== Given data ==
*** Block opens ***
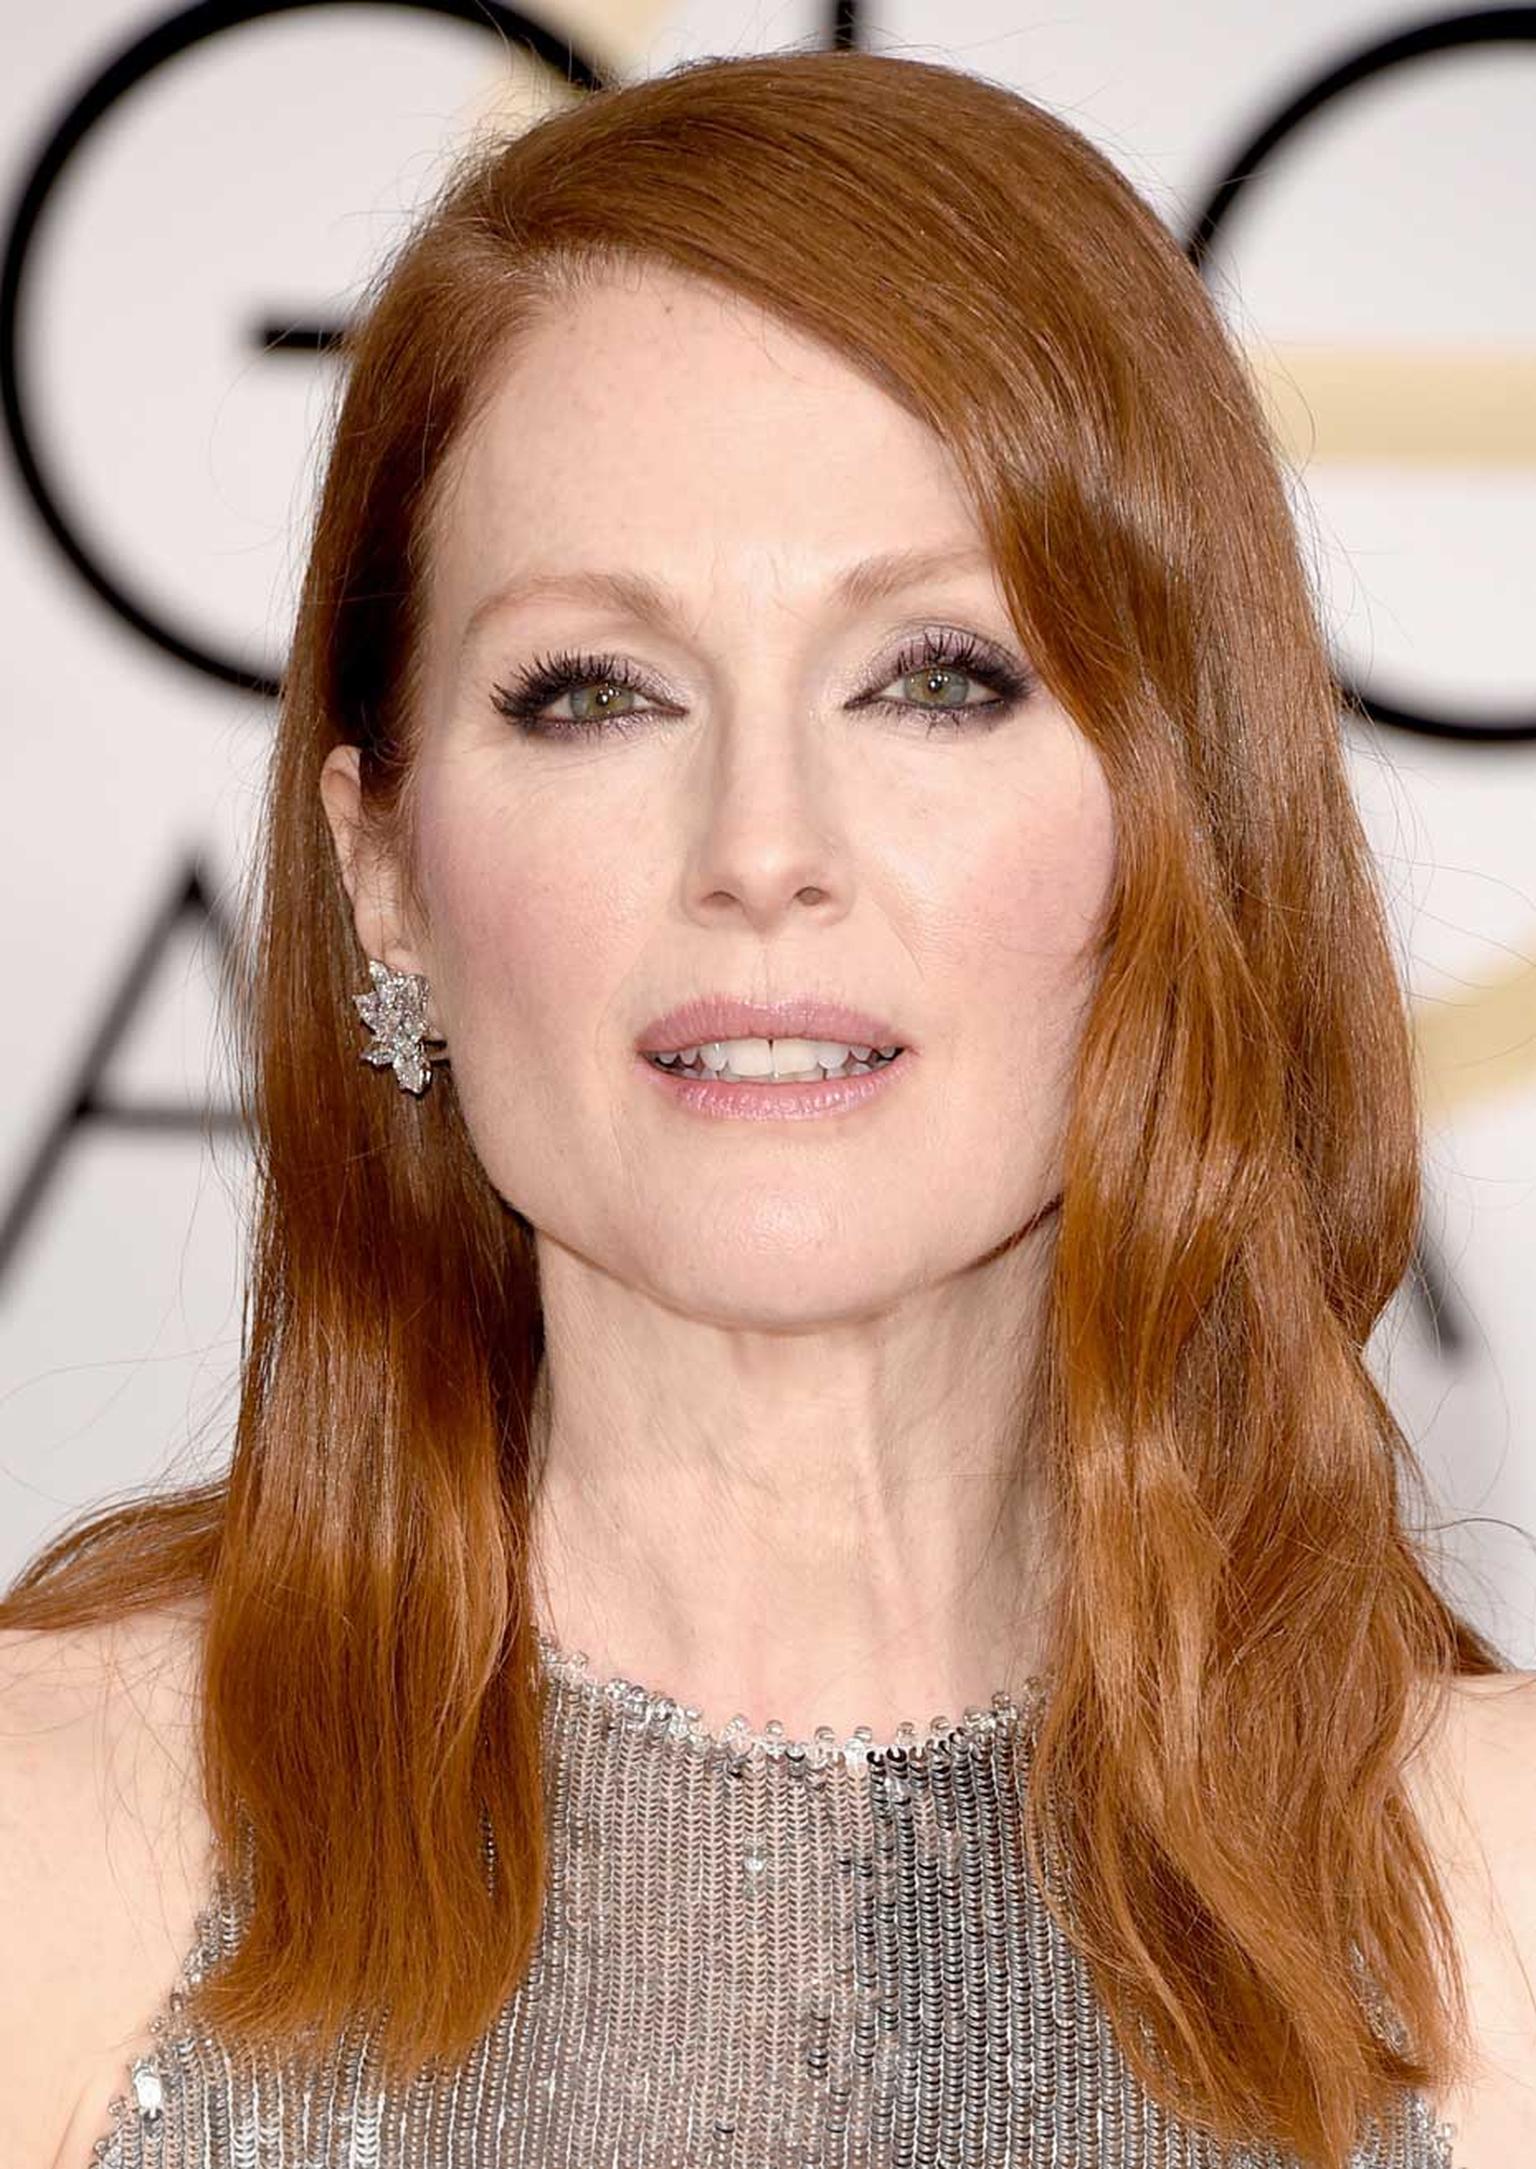 Julianne Moore wore Chopard diamonds from the High Jewelry Collection at the 2015 Golden Globes.
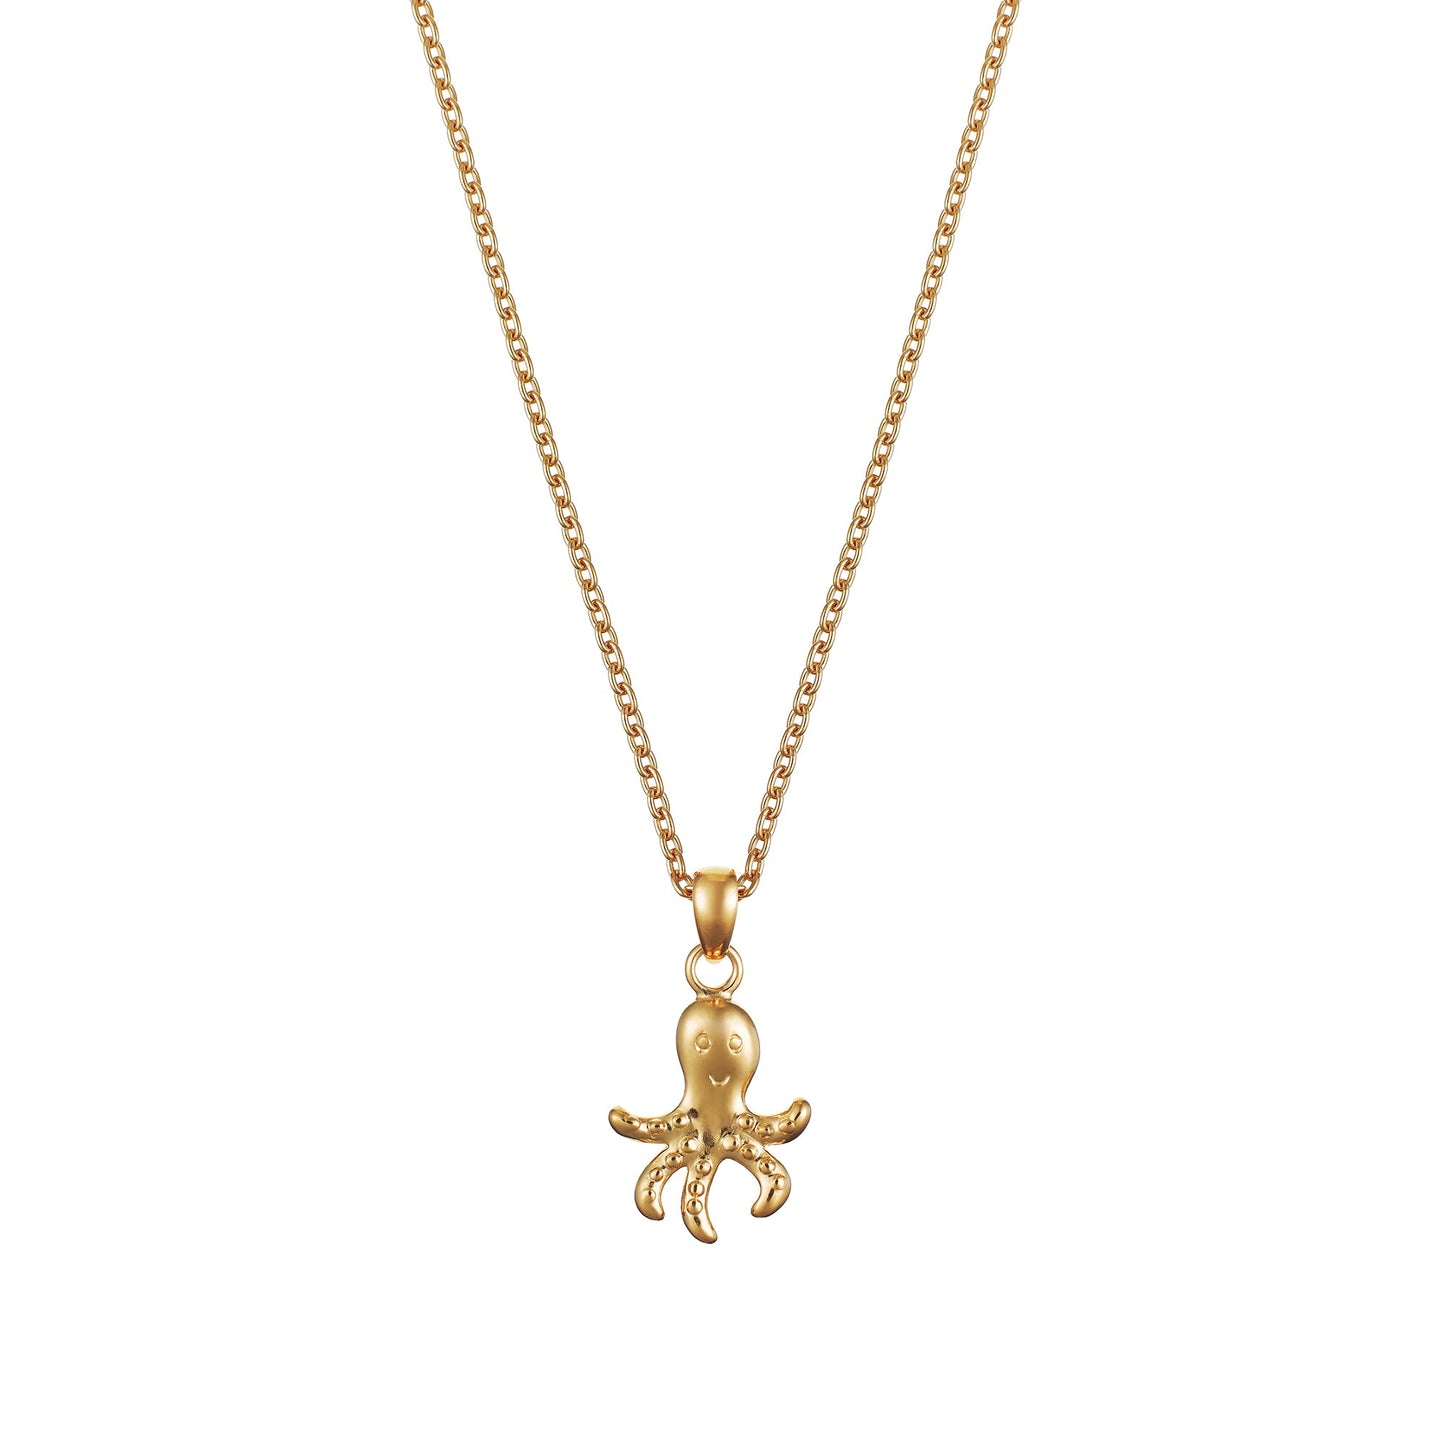 Children's Gold Octopus with Smile Pendant on an Extendable Chain Necklace
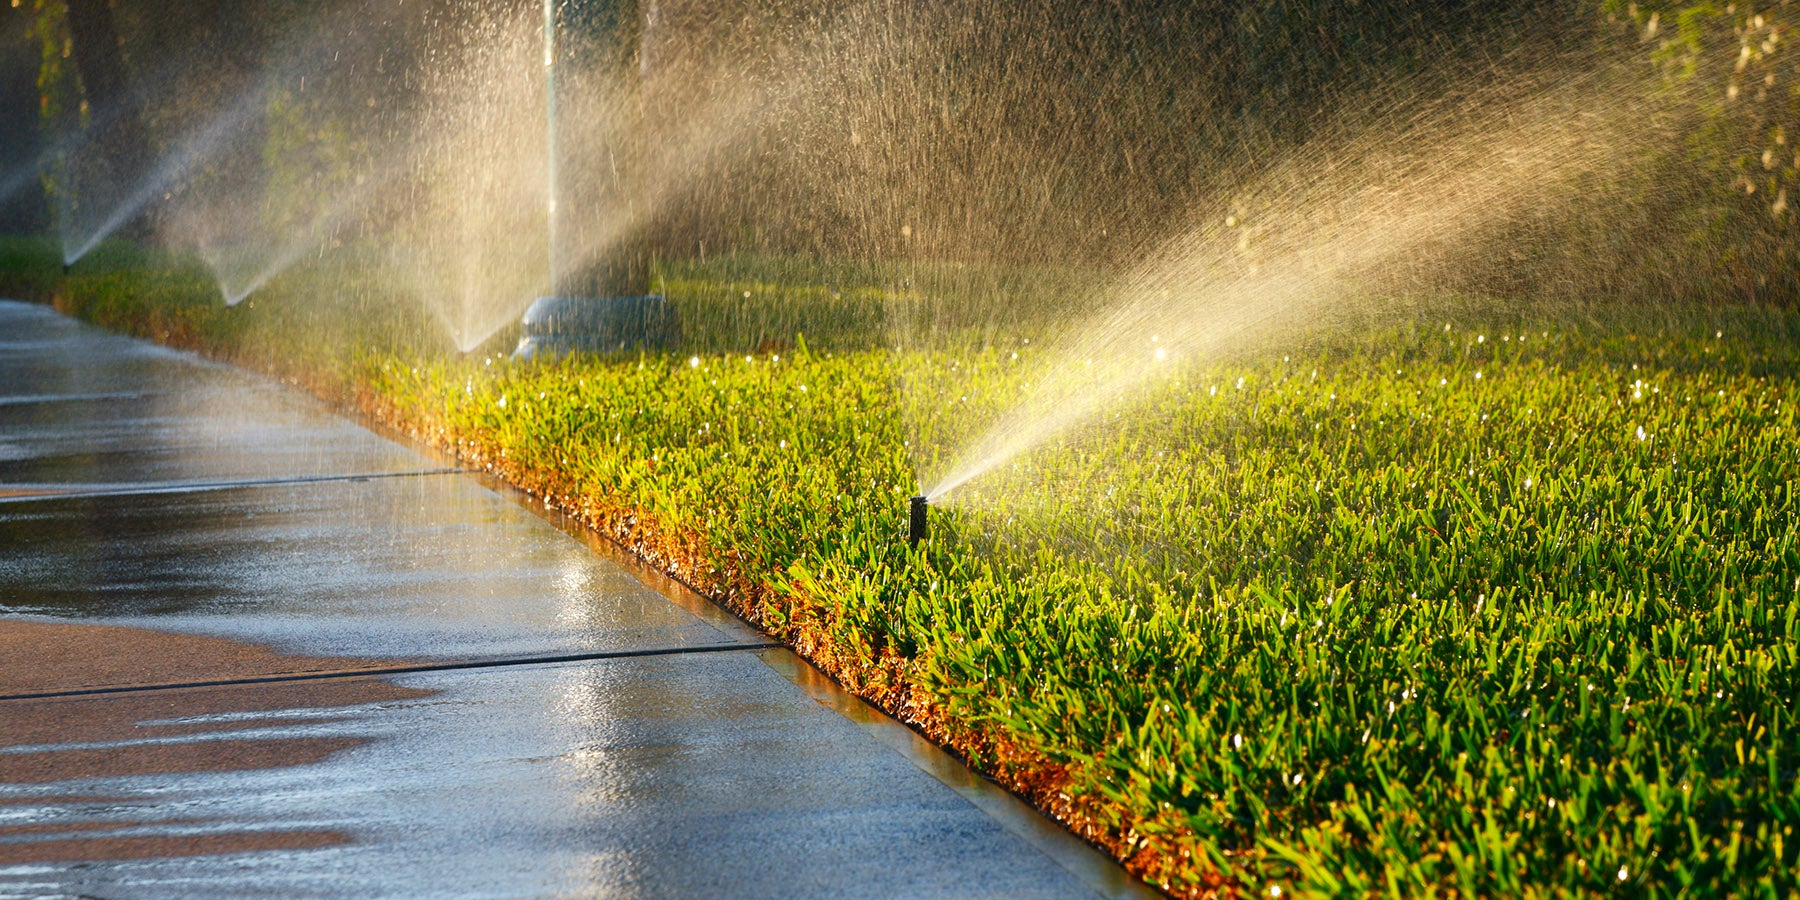 Avoid Overspraying and Overpaying for Water with These Lawn Irrigation Tips
*** Block closes ***
== Exercise objective ==
Retype the data above as given, letting no picture into the copy.

== Solution to this exercise ==
 Julianne Moore wore Chopard diamonds from the High Jewelry Collection at the 2015 Golden Globes.
 Children's Gold Octopus with Smile Pendant on an Extendable Chain Necklace
 Avoid Overspraying and Overpaying for Water with These Lawn Irrigation Tips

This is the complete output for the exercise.